INFORMATION SHOWN:
# # # # # # #

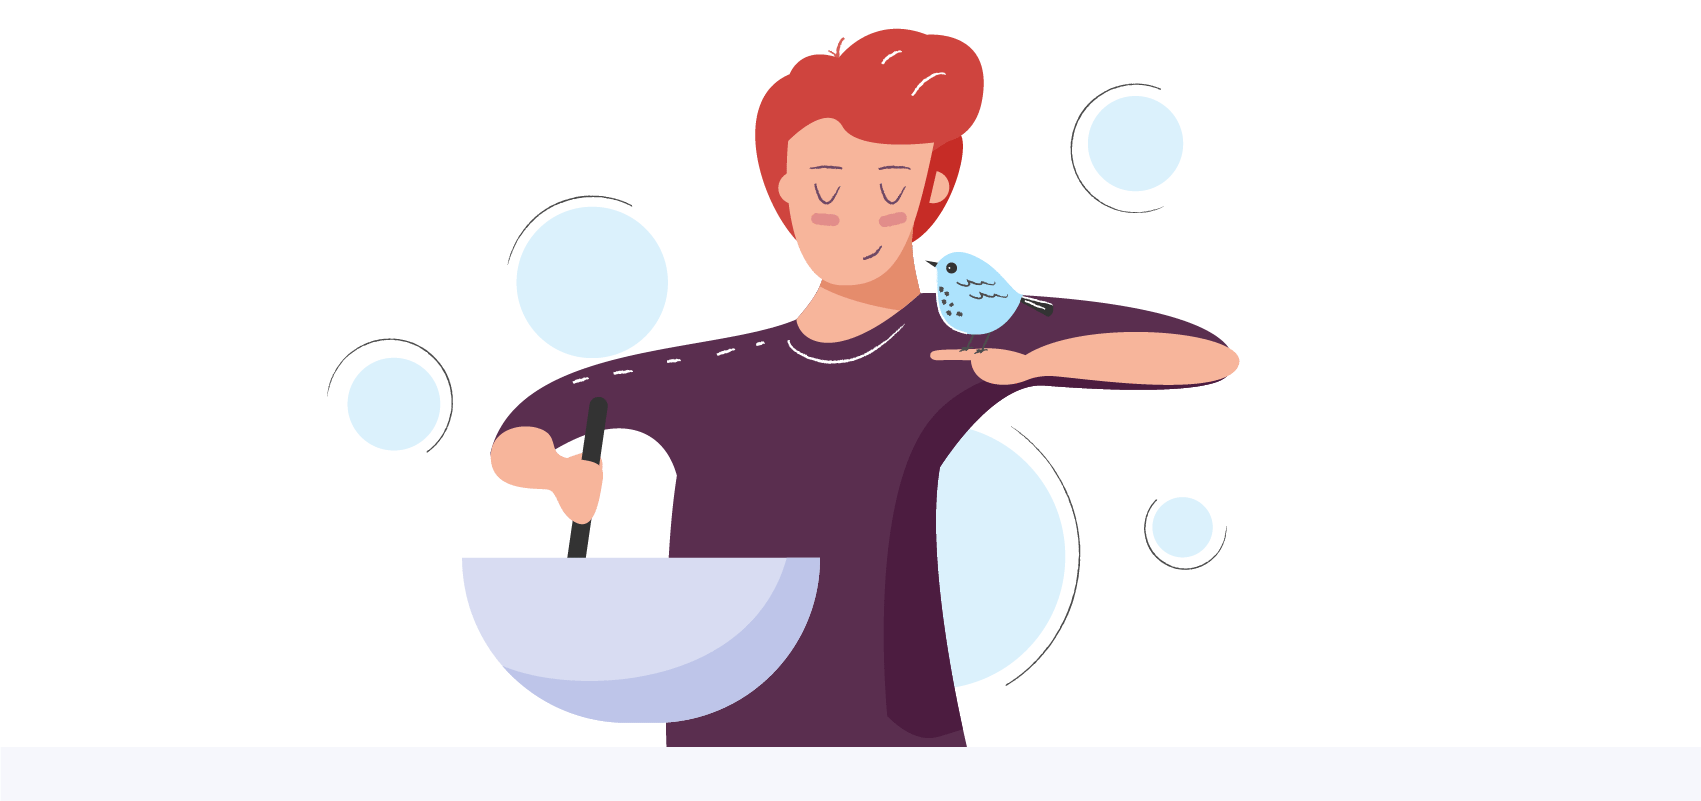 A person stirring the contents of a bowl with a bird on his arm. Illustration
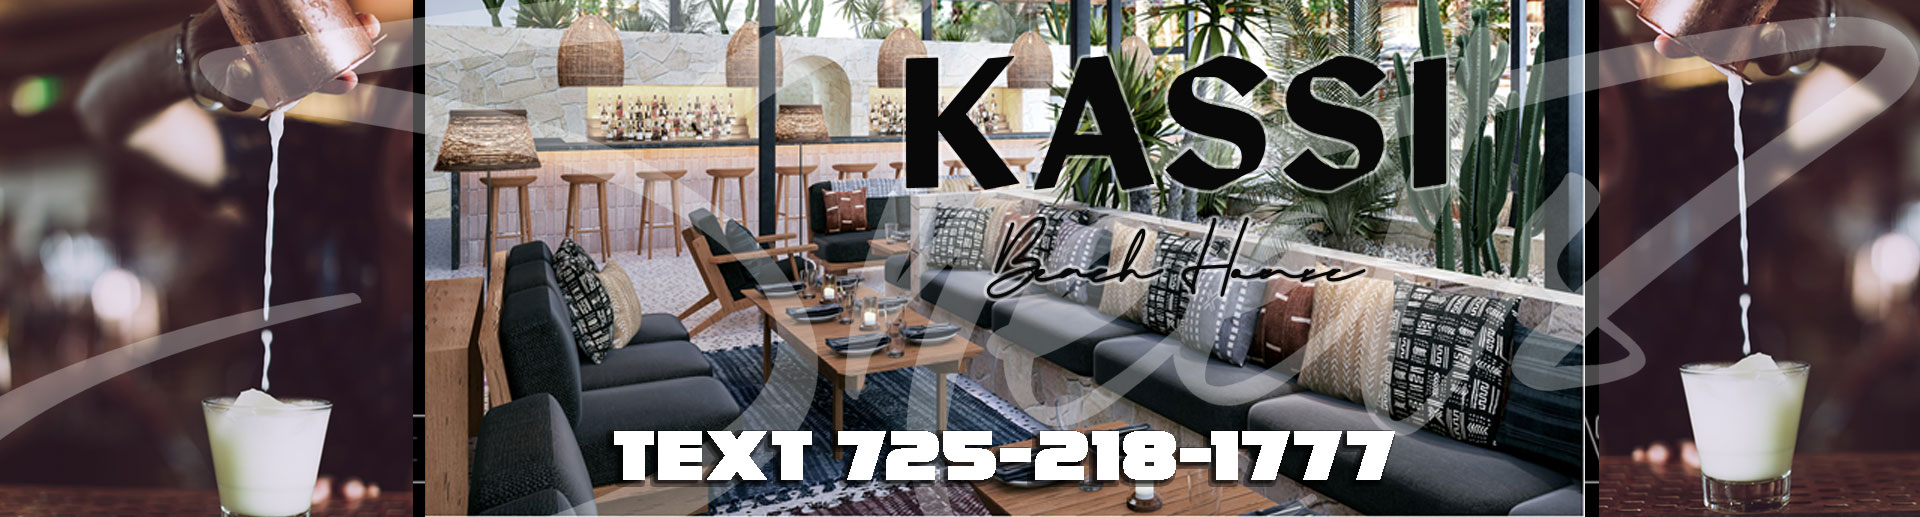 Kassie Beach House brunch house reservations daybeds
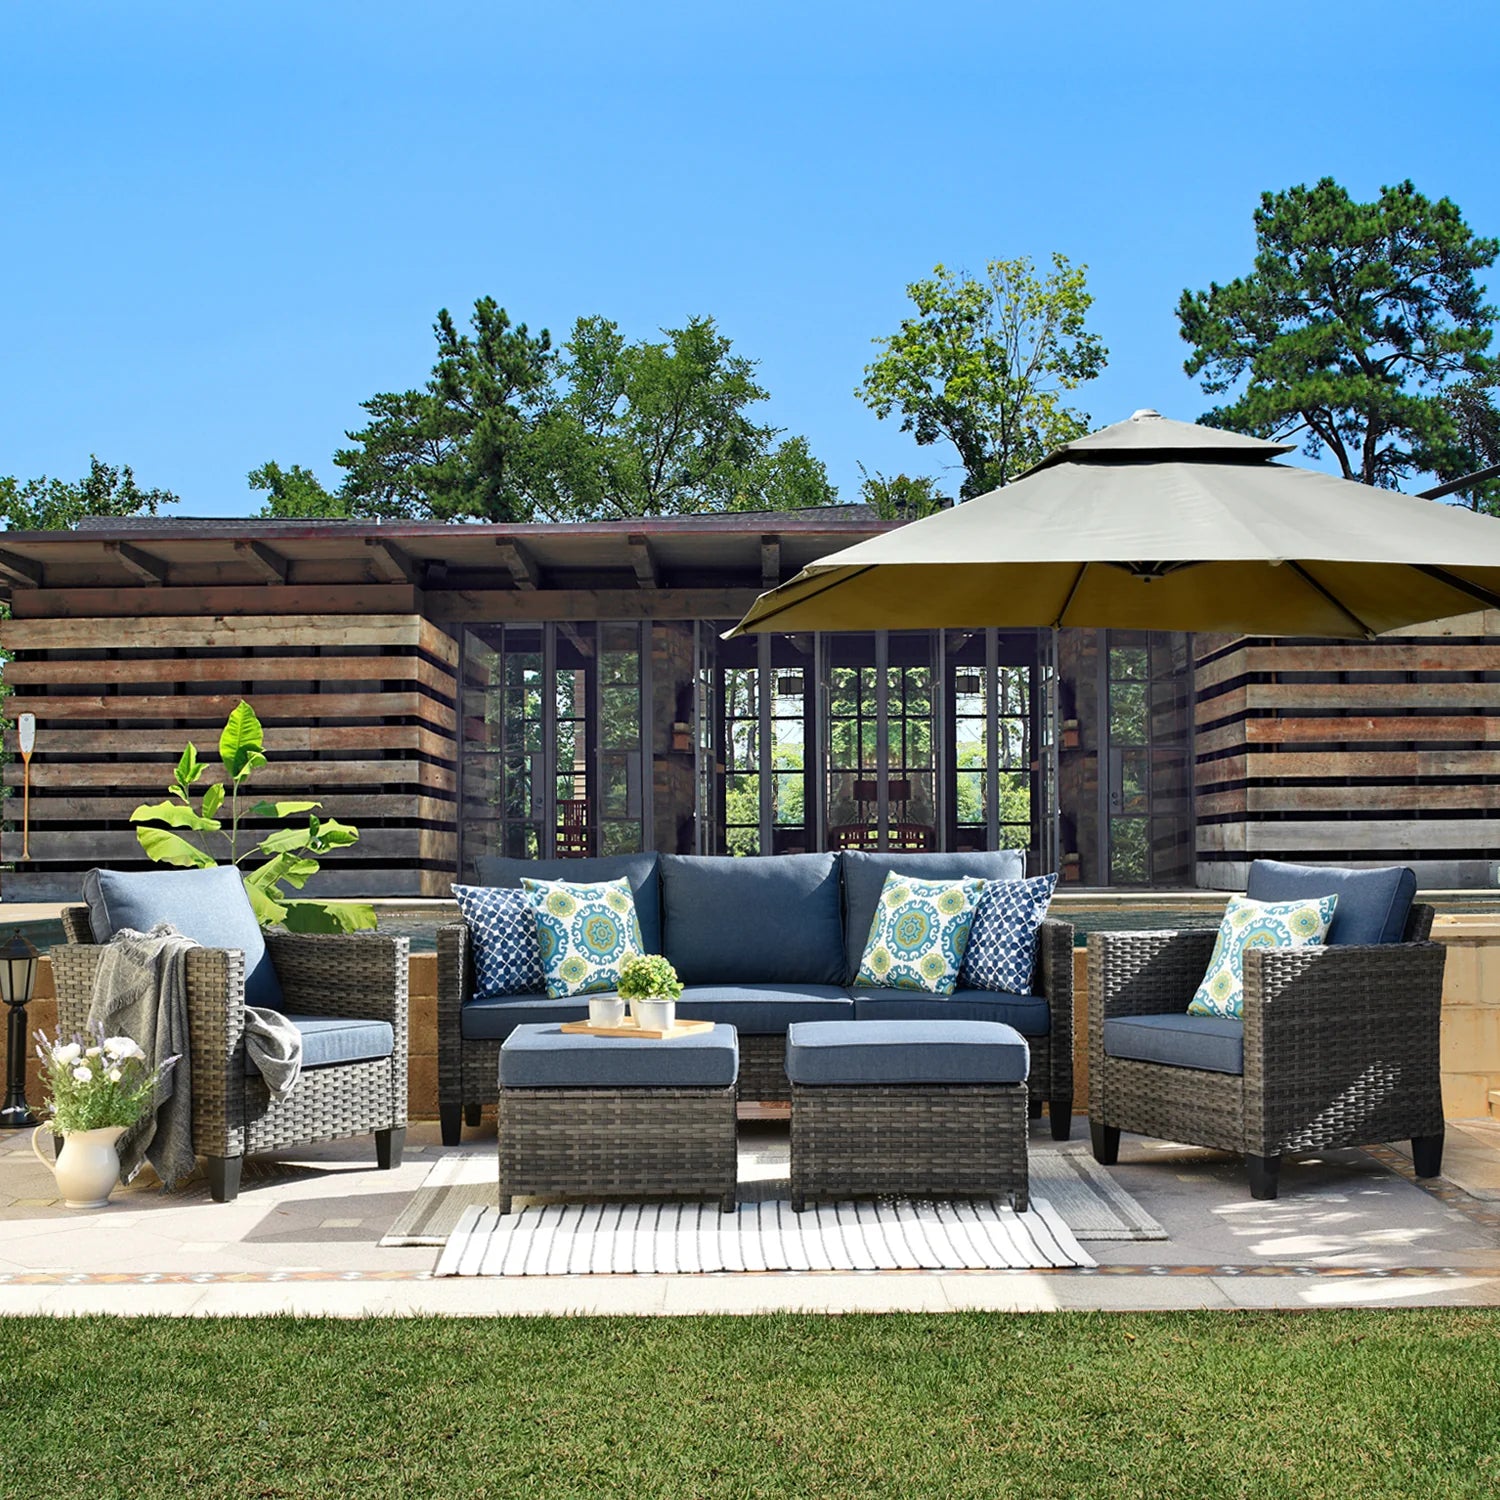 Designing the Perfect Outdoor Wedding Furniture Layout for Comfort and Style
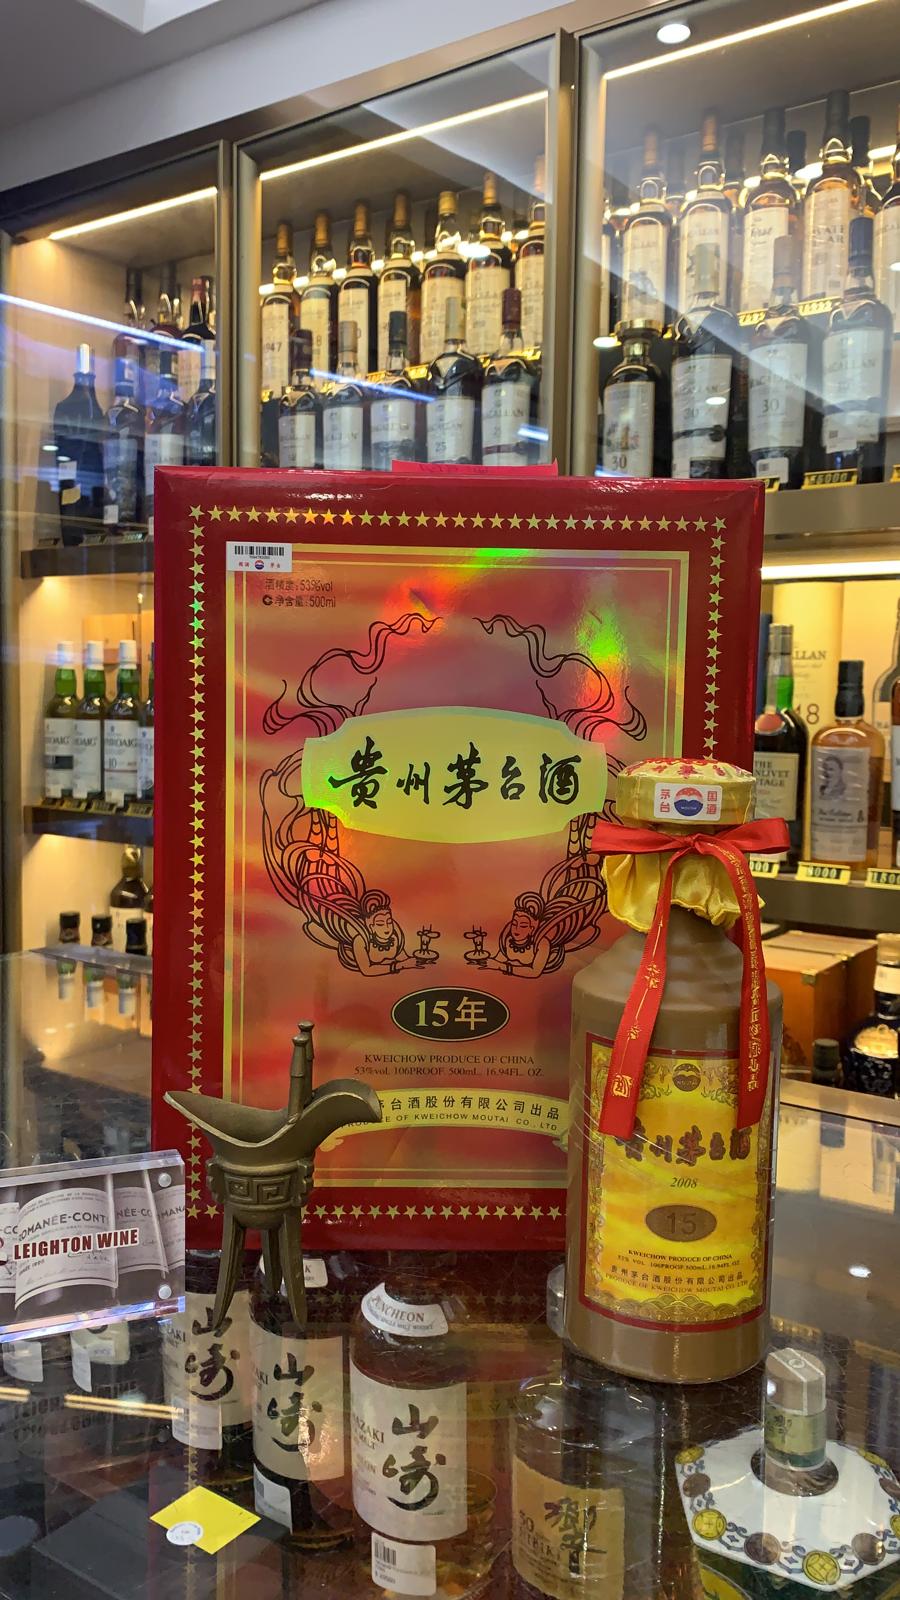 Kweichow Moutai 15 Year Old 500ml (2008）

# # # # # # #

WHAT YOU NEED TO DO: The listing above must be given again exactly, minus its pictures.

RESPONSE AREA:
 A person stirring the contents of a bowl with a bird on his arm. Illustration
 Kassie Beach House brunch house reservations daybeds
 Designing the Perfect Outdoor Wedding Furniture Layout for Comfort and Style
 Kweichow Moutai 15 Year Old 500ml (2008）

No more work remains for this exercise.